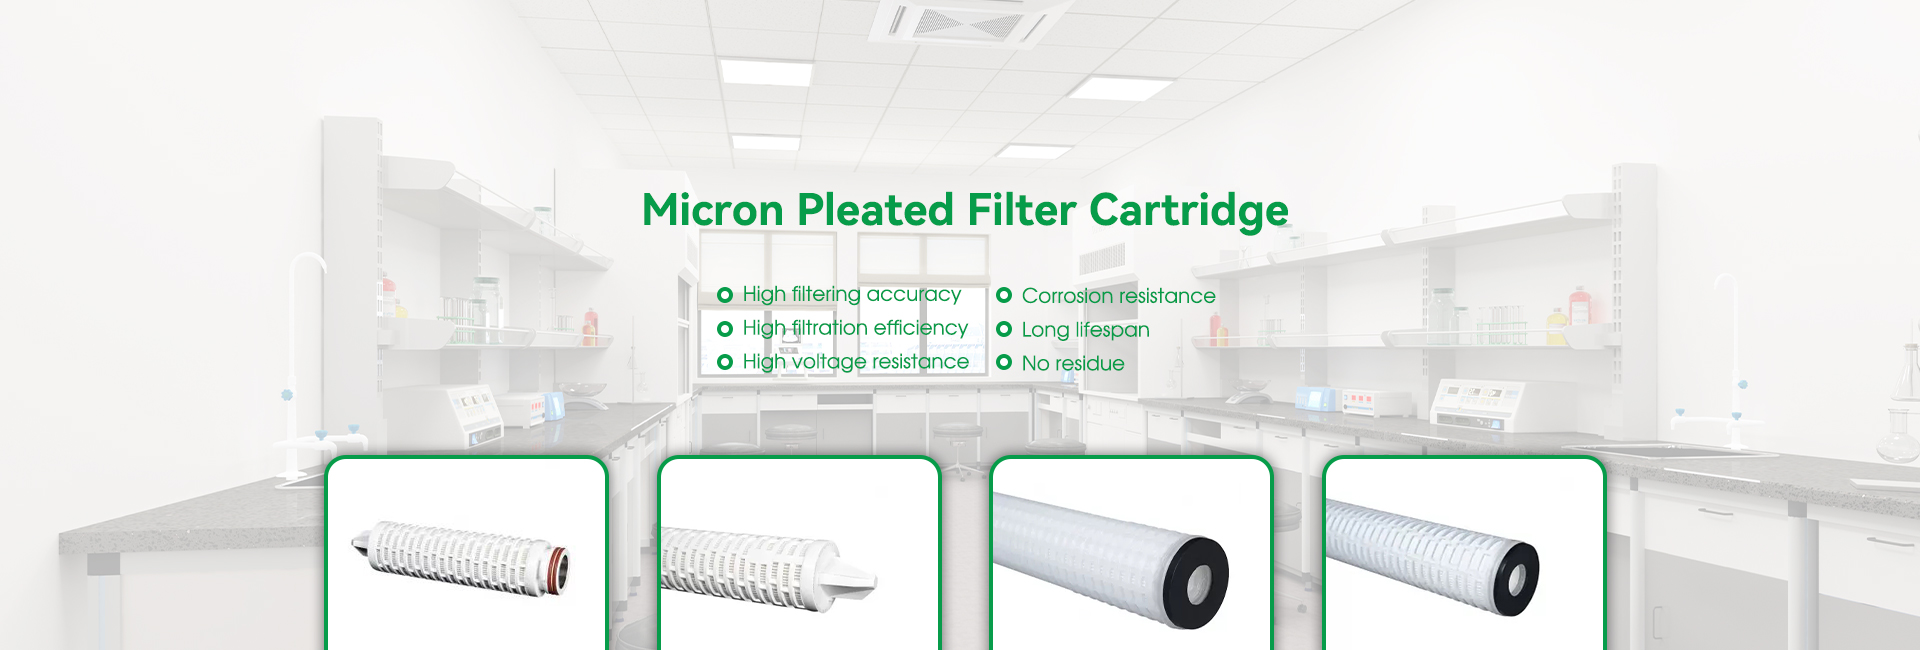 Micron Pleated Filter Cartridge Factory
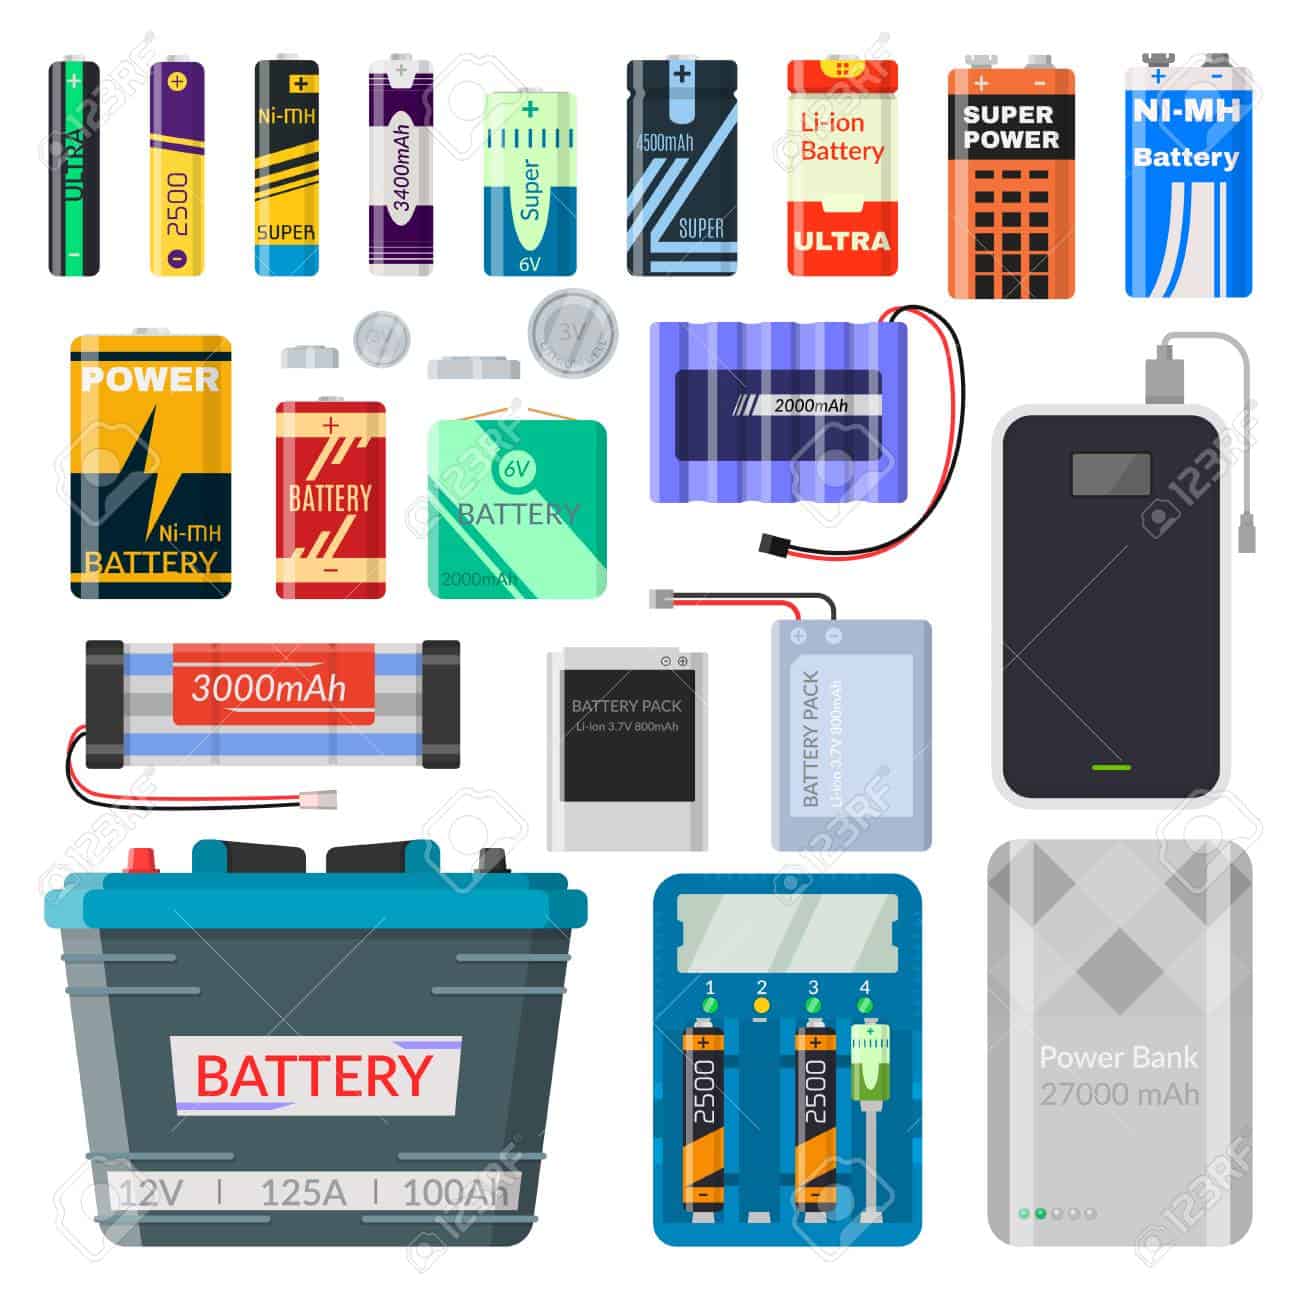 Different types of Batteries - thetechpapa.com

...

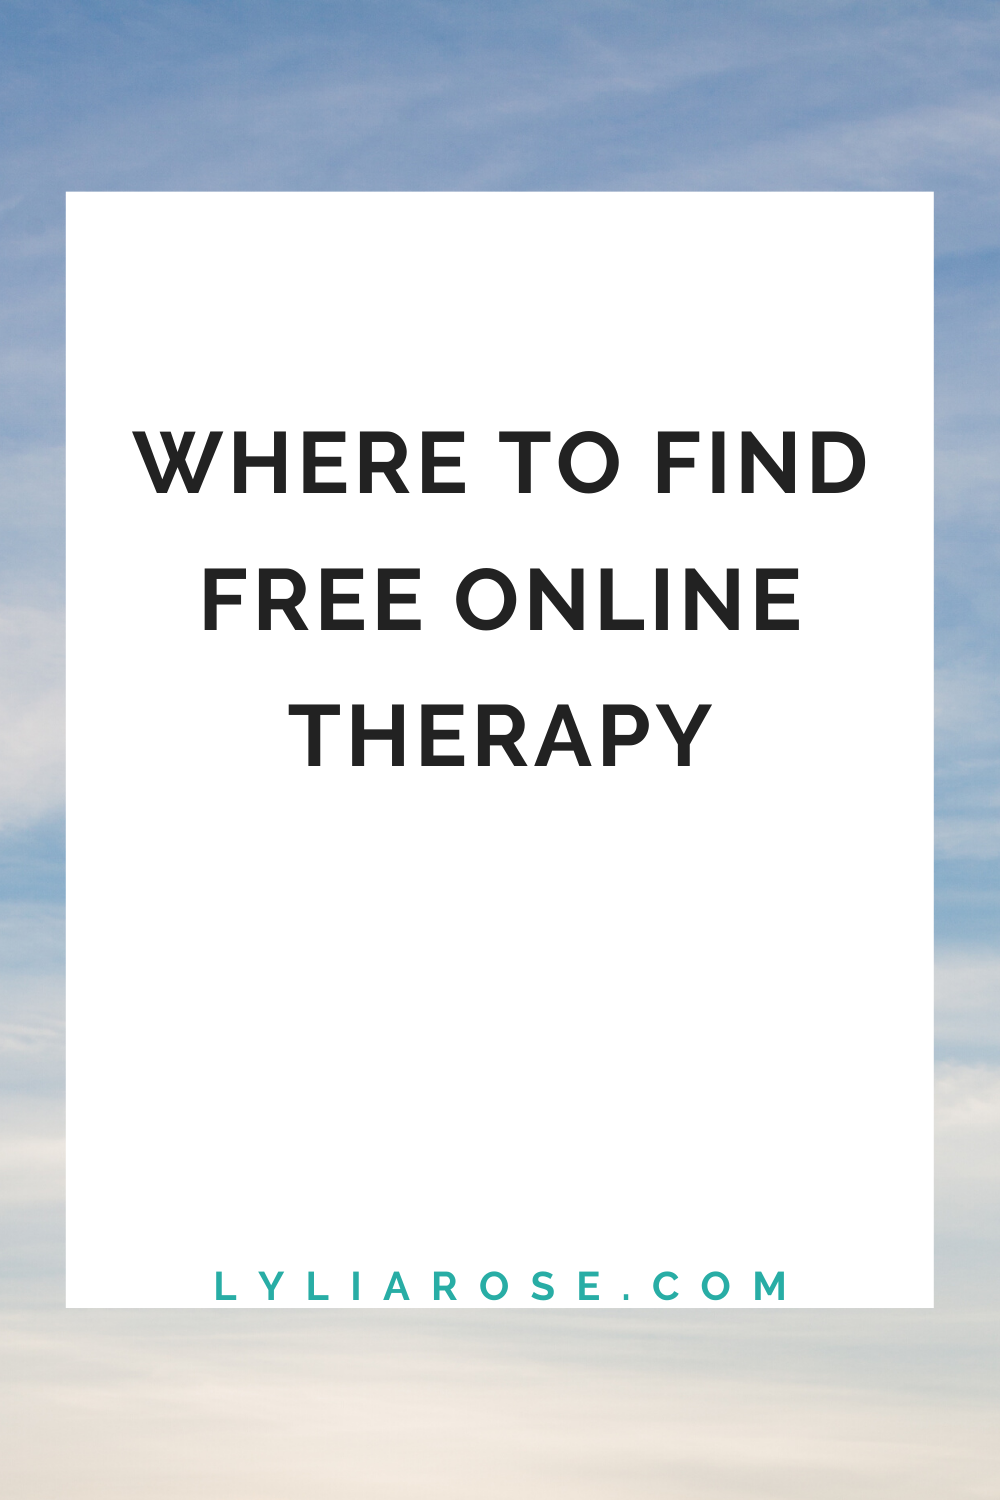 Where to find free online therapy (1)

**WHAT IS REQUIRED**. Set down again, word for word, every line from the one with "Micron Pleated Filter Cartridge Factory" to the one with "Different types of" in the entries above, and omit the pictures.

**ANSWER SPACE**.
 Micron Pleated Filter Cartridge Factory
 Different types of Batteries - thetechpapa.com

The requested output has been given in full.